Ukrainian officials have said that Russian forces are confiscating the passports of Ukrainian citizens, then transferring them to camps in separatist-held eastern Ukraine before sending them to remote, economically distressed regions of Russia.
Boychenko said on Monday that those who did not pass the “liquidation” process were taken to makeshift prisons. He said 33,000 or more people had been transferred to Russia or the breakaway territories of Ukraine.
The Russians denied moving people against their will.
President Volodymyr Zelensky has warned Ukrainians that Russia may use chemical weapons in Mariupol. “We are taking this matter as seriously as possible,” Zelensky said in his Monday night address.
Western leaders had warned even before Russian forces entered Ukraine that Russia might resort to unconventional weapons there, especially chemical agents.
Eduard Basurin, a Russia-allied separatist official, appeared to have urged their use on Monday, telling Russian state television that Russian-backed forces should seize a giant metallurgical plant in Mariupol from Ukrainian forces by first closing all exits to the plant. “And then we will use chemical forces to get her out of there,” he said.
A Ukrainian regiment also claimed, without evidence, on Monday that a drone had dropped a toxic substance in Mariupol. She indicated that there were no serious injuries.
Pentagon spokesman John Kirby said in a statement that the United States could not confirm the drone report from Mariupol. But Kirby noted the administration’s continuing concerns “about Russia’s ability to use a variety of riot control agents, including tear gas mixed with chemical agents, in Ukraine.”

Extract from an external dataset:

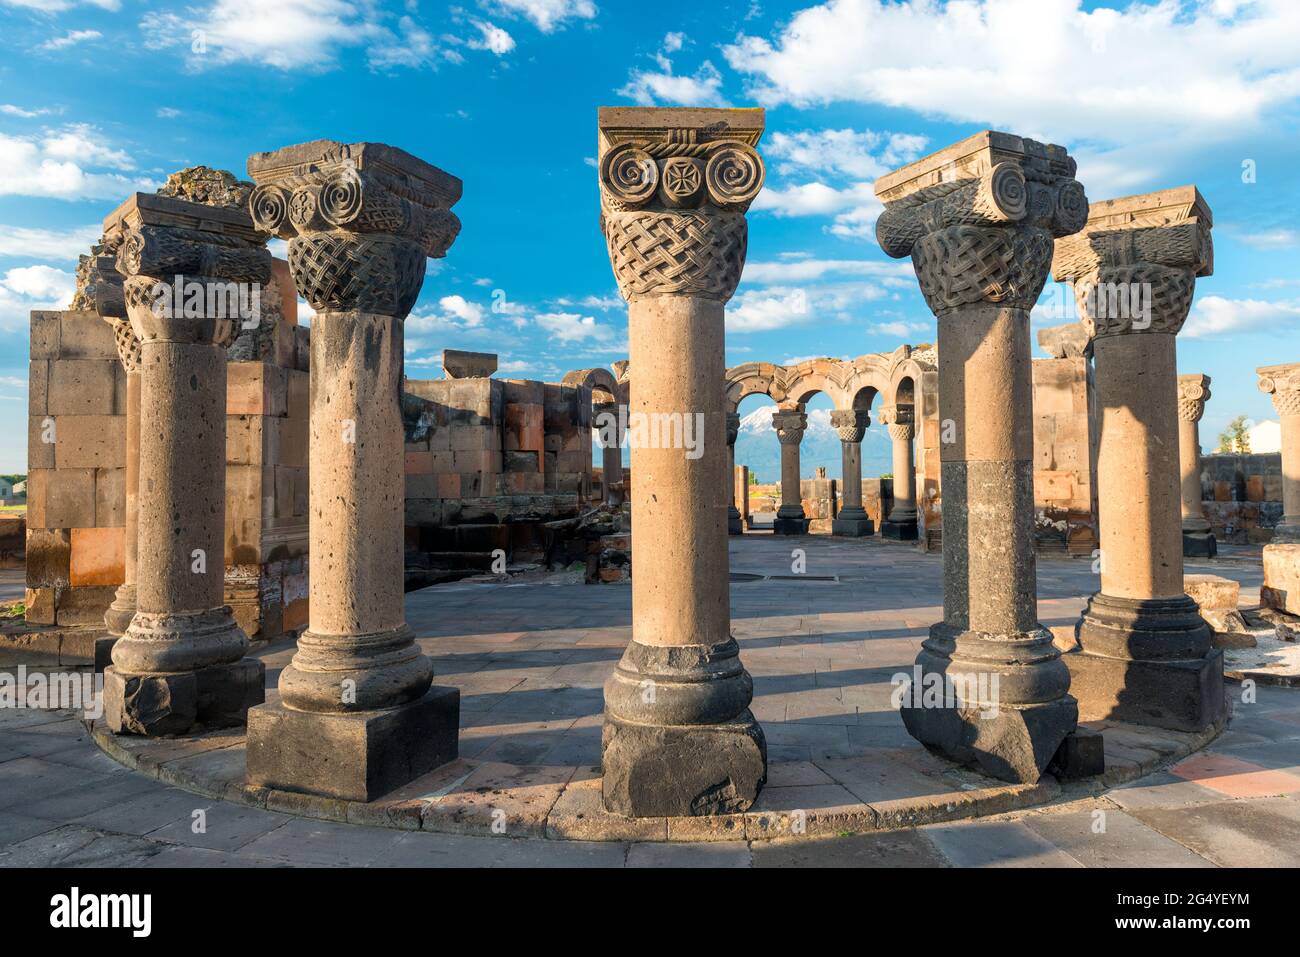 Columns and ruins of the ancient Zvartnots temple, a landmark of Armenia Stock Photo

Western military analysts say the Russian offensive is increasingly focused on an arc of territory stretching from Kharkiv, Ukraine’s second largest city, in the north, to Kherson in the south.
Questions remain about the ability of the exhausted and frustrated Russian forces to conquer so much territory, but after their advance on Kyiv was repulsed by determined Ukrainian defenders.
Karmanau reports from Lviv, Ukraine. Anna wrote from Bucha, Ukraine. Associated Press writer Robert Burns and Associated Press journalists around the world contributed to this report.